I just spent some time in Bavaria, which has the most repressive ban of all the German states--no possibilityof a smoking room. So many bars are now private clubs. I paid one euro, filled out a form (and got ot have a beer while doing so) and drank and smoked the night away.
chris, Brooklyn, Ny, USA
The extreme lenghts to which adults are driven to satisfy their desire to exercise free will simply shows just how pernicious freedom is.
J Daly, Waterford, Ireland
The extreme lengths to which tobacco addicts are driven to satisfy their addiction simply shows just how pernicious that tobacco is.
James E. Petts, Burnham, England
What amuses me are the pub owners who complain they don't pick up the non-smoking trade when they still haven't scrubbed the smell of smoke from their pubs.
Leon Wolfeson, Oxford, UK
Publicans could do that here.
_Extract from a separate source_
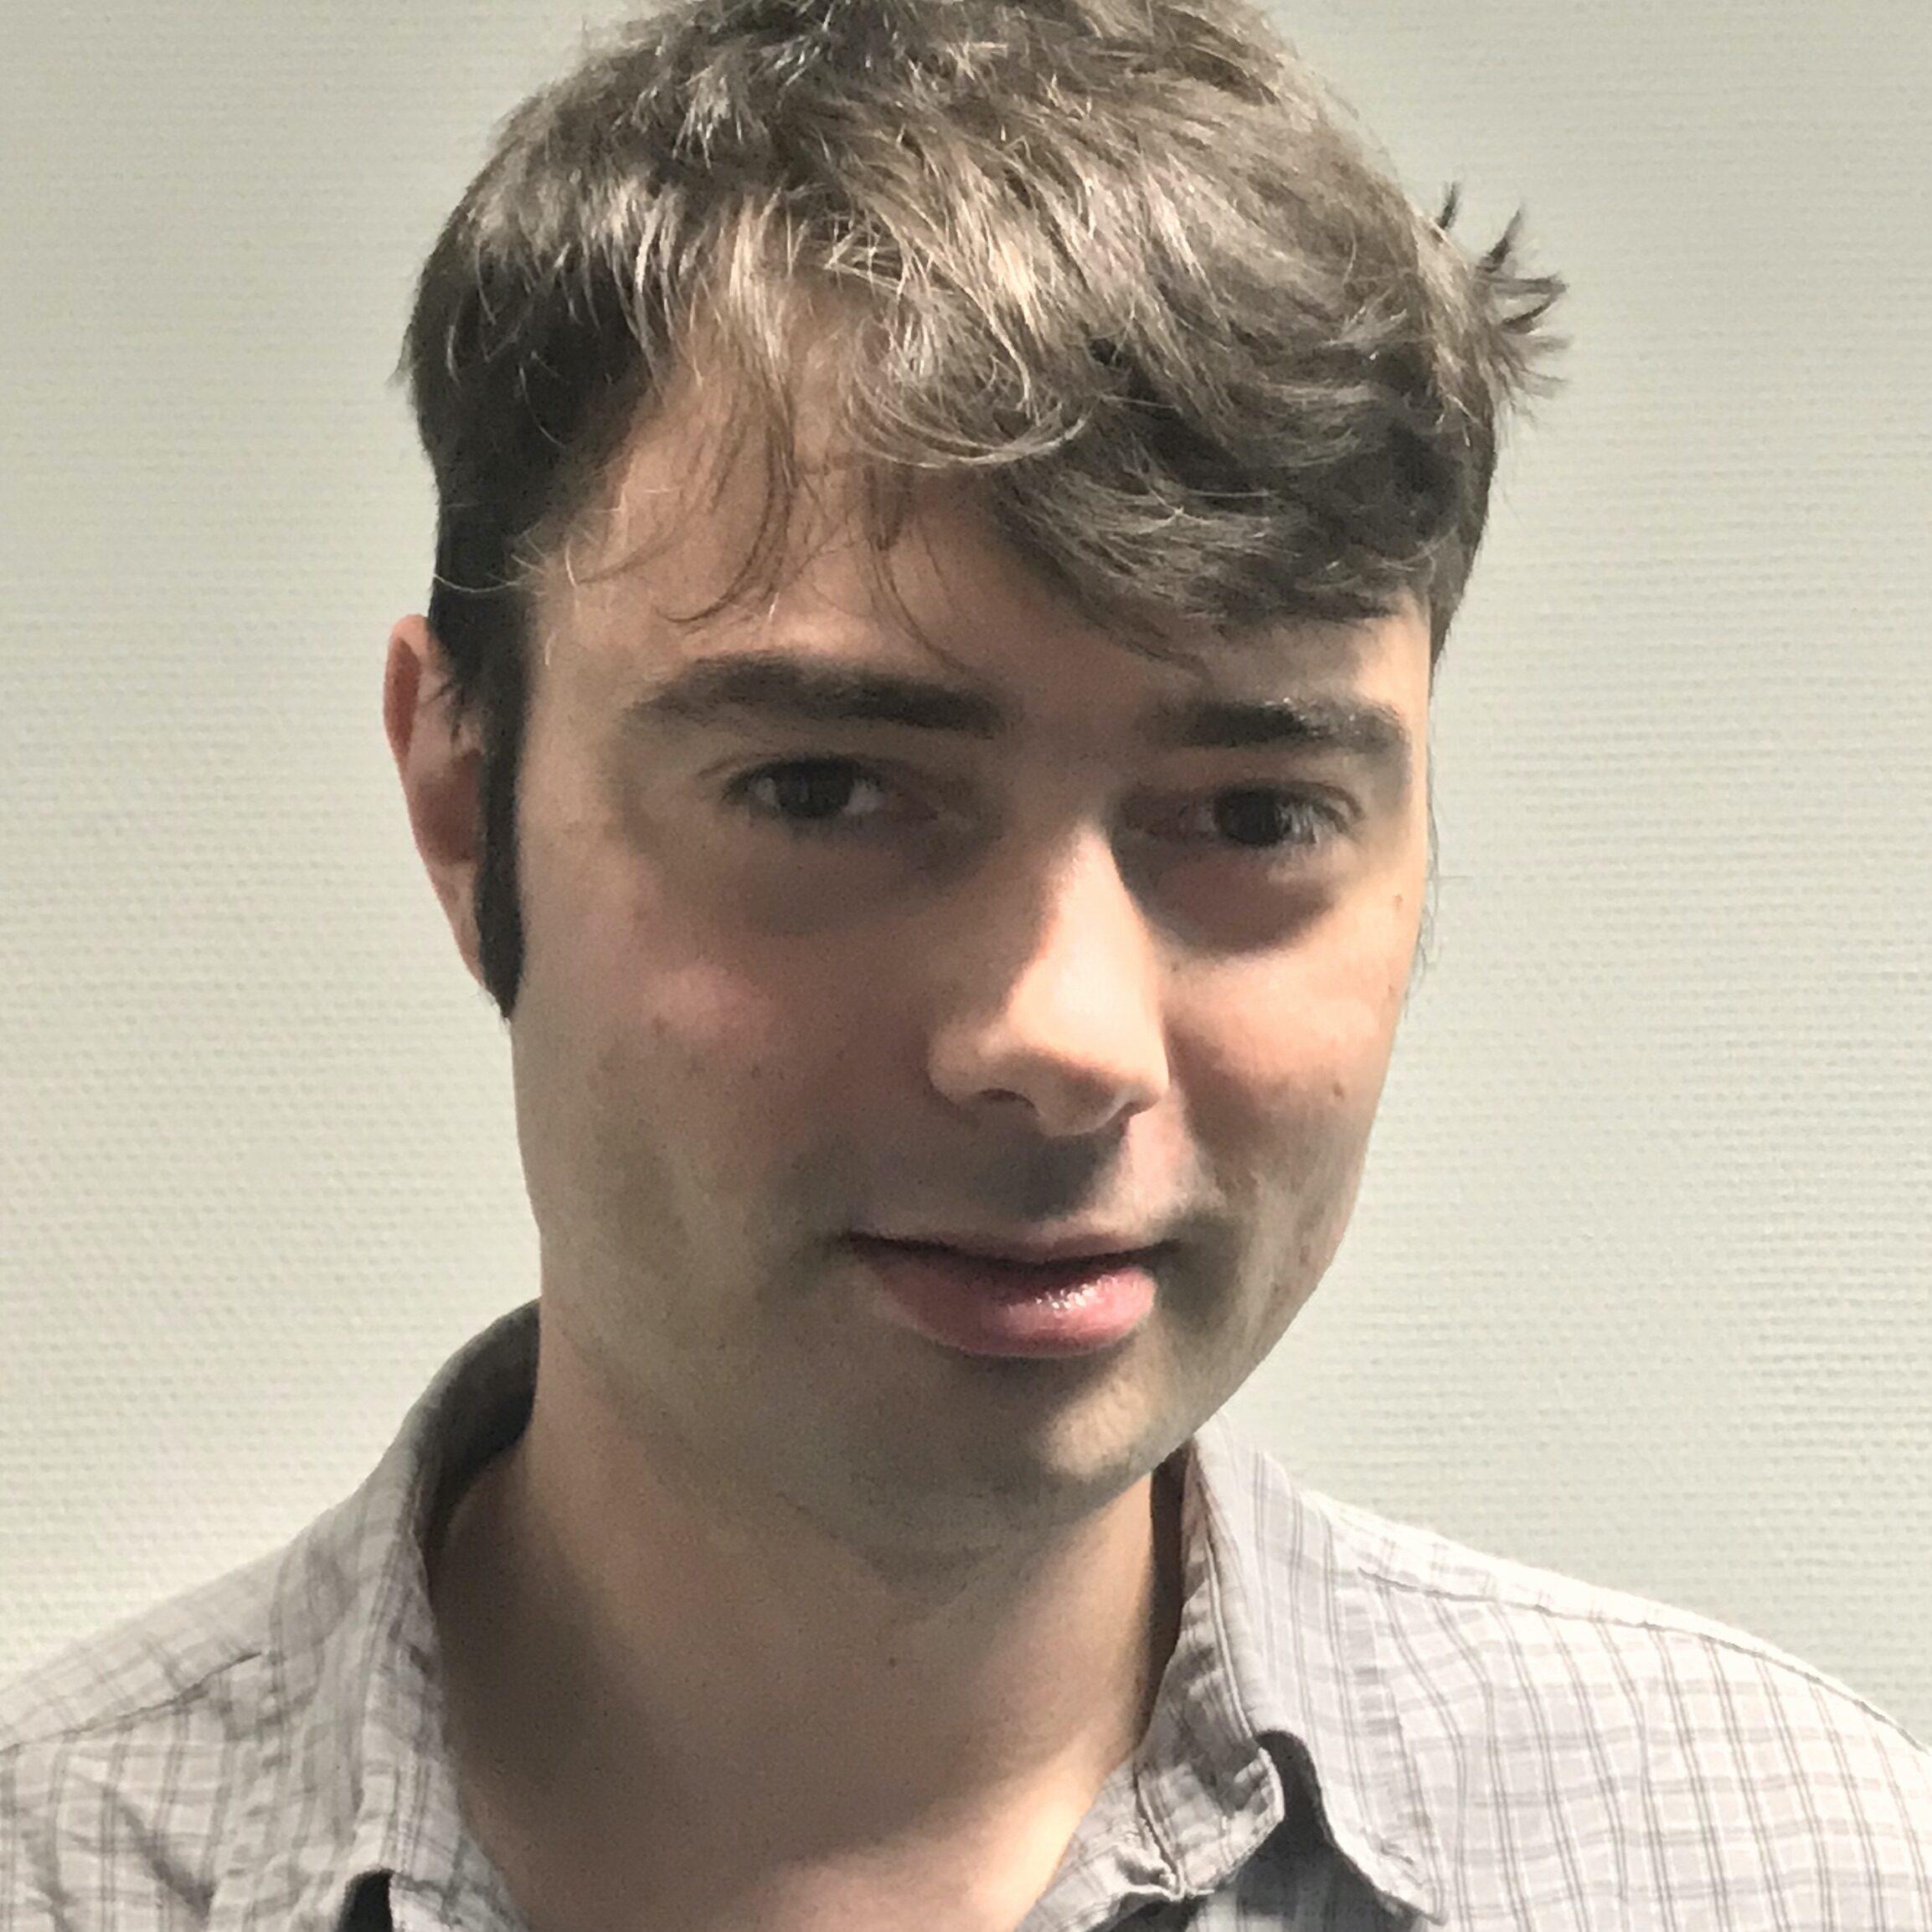 David Gueorguiev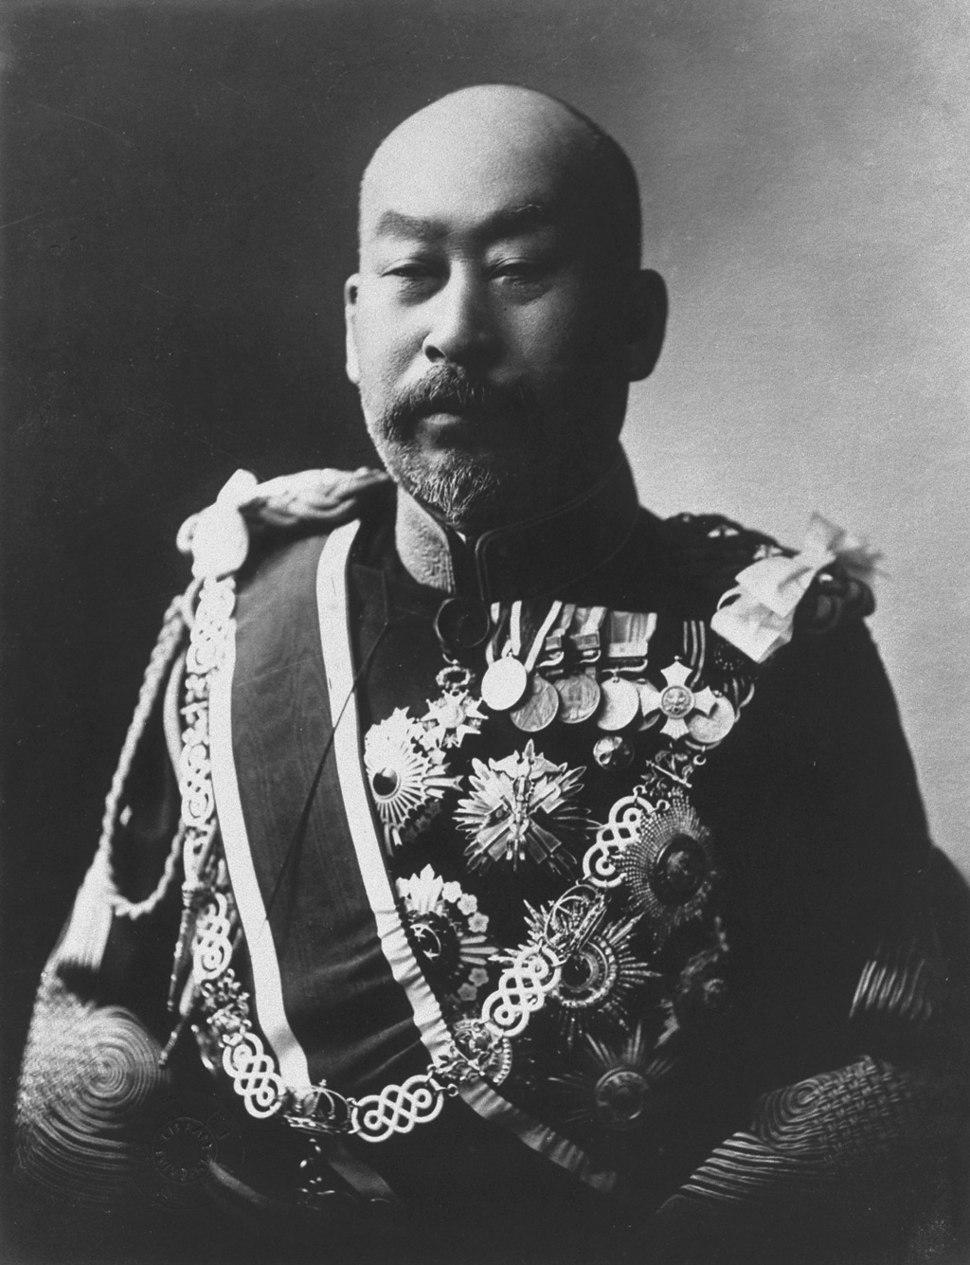 Masatake Terauchi 2

They just need to delicense part of the pub, turning it into a residence, and invite whom they wish, to go and sit there with their drink and cigarettes. I'm surprised it has not yet been tried.
Jon, manchester,
The smoking ban in the UK wasn't thought out. I used to avoid going into pubs and bars because they were frequented by smokers, but now they''ve been driven into the streets, I've inhaled more cigarette smoke in the last year while I walk through the same streets than I did in the previous 5.
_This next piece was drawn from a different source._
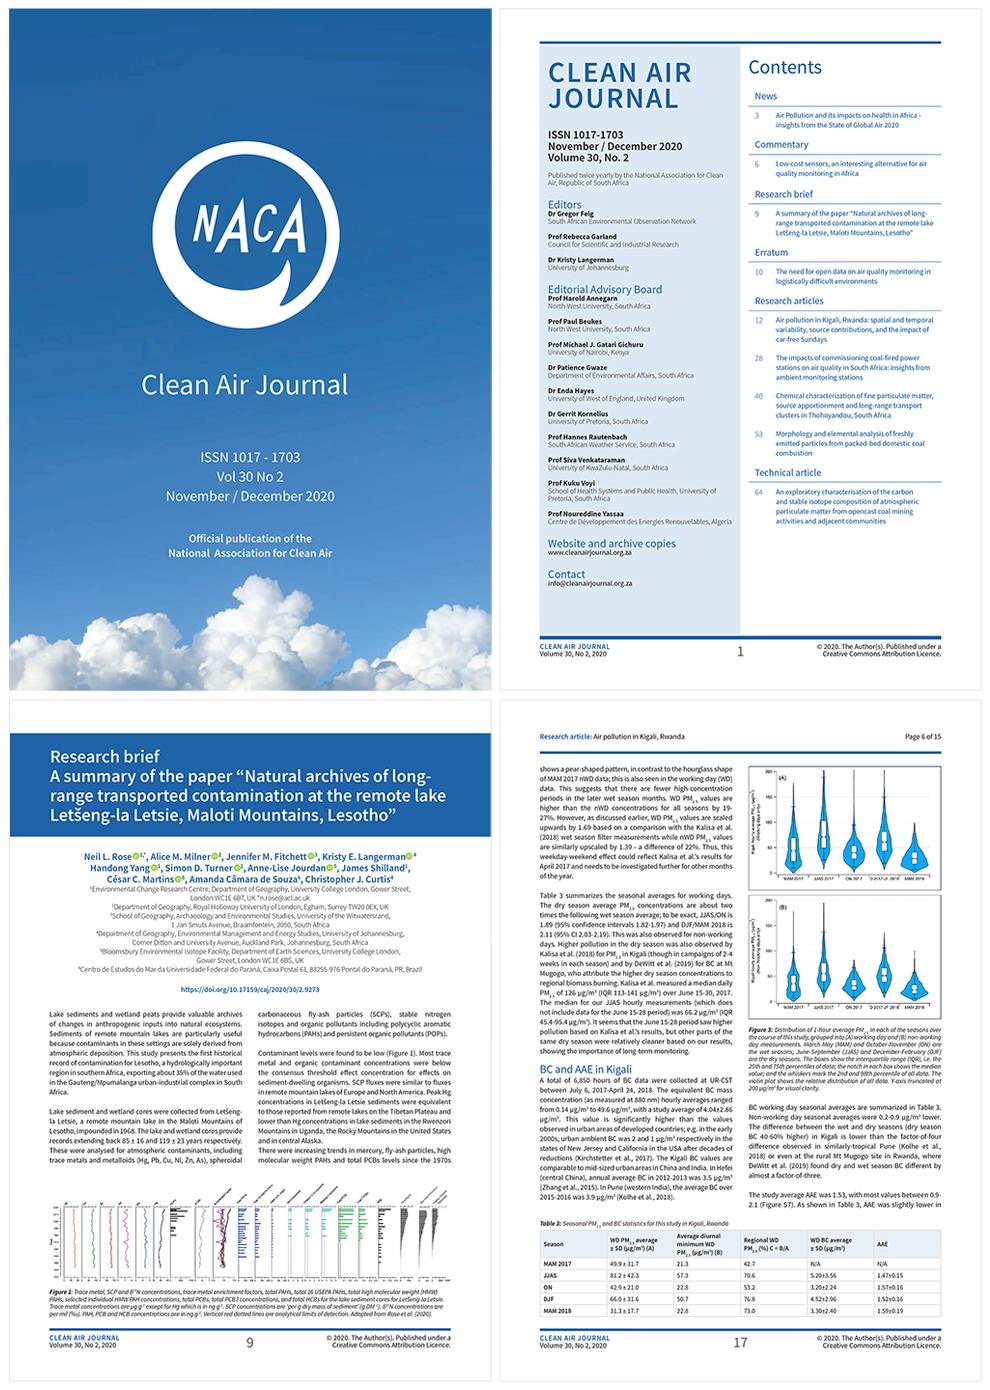 Clean Air Journal print layout

Jacques Francis, Westcott,
Yet again the French make a stand to their Government, whilst we just suffer at the hands of ours.
pubs are closing too frequently, their profits are taking a hammering from losing smokers from their pubs let alone the increase in their prices through taxes. Sad, but the Gov needs us smokers
Elliot, Kingsbridge, UK
So they don't like the ban in France? Quelle surprise! I think the notion that the ban is popular in the UK is wishful thinking - how much has the pub trade suffered since the ban, how many drinking establishments have closed?! The BBC will of course trumpet the ban, but they are terribly PC.
Nick, Brighton,
What a shame. Even as a non-smoker, the anti-smoking police seem to have gone too far. What would Paris be without the pervasive smell of Gauloises? As for the health lobby, it's not as if we don't live long enough as it is.
Nic, Johannesburg, S-Africa
One of the pleasures of France in summer was to sit outside the cafe or restaurant to eat and drink. But the smokers have been driven outside where the seating area is now polluted by tobacco smoke. Another reason for the fall in trade.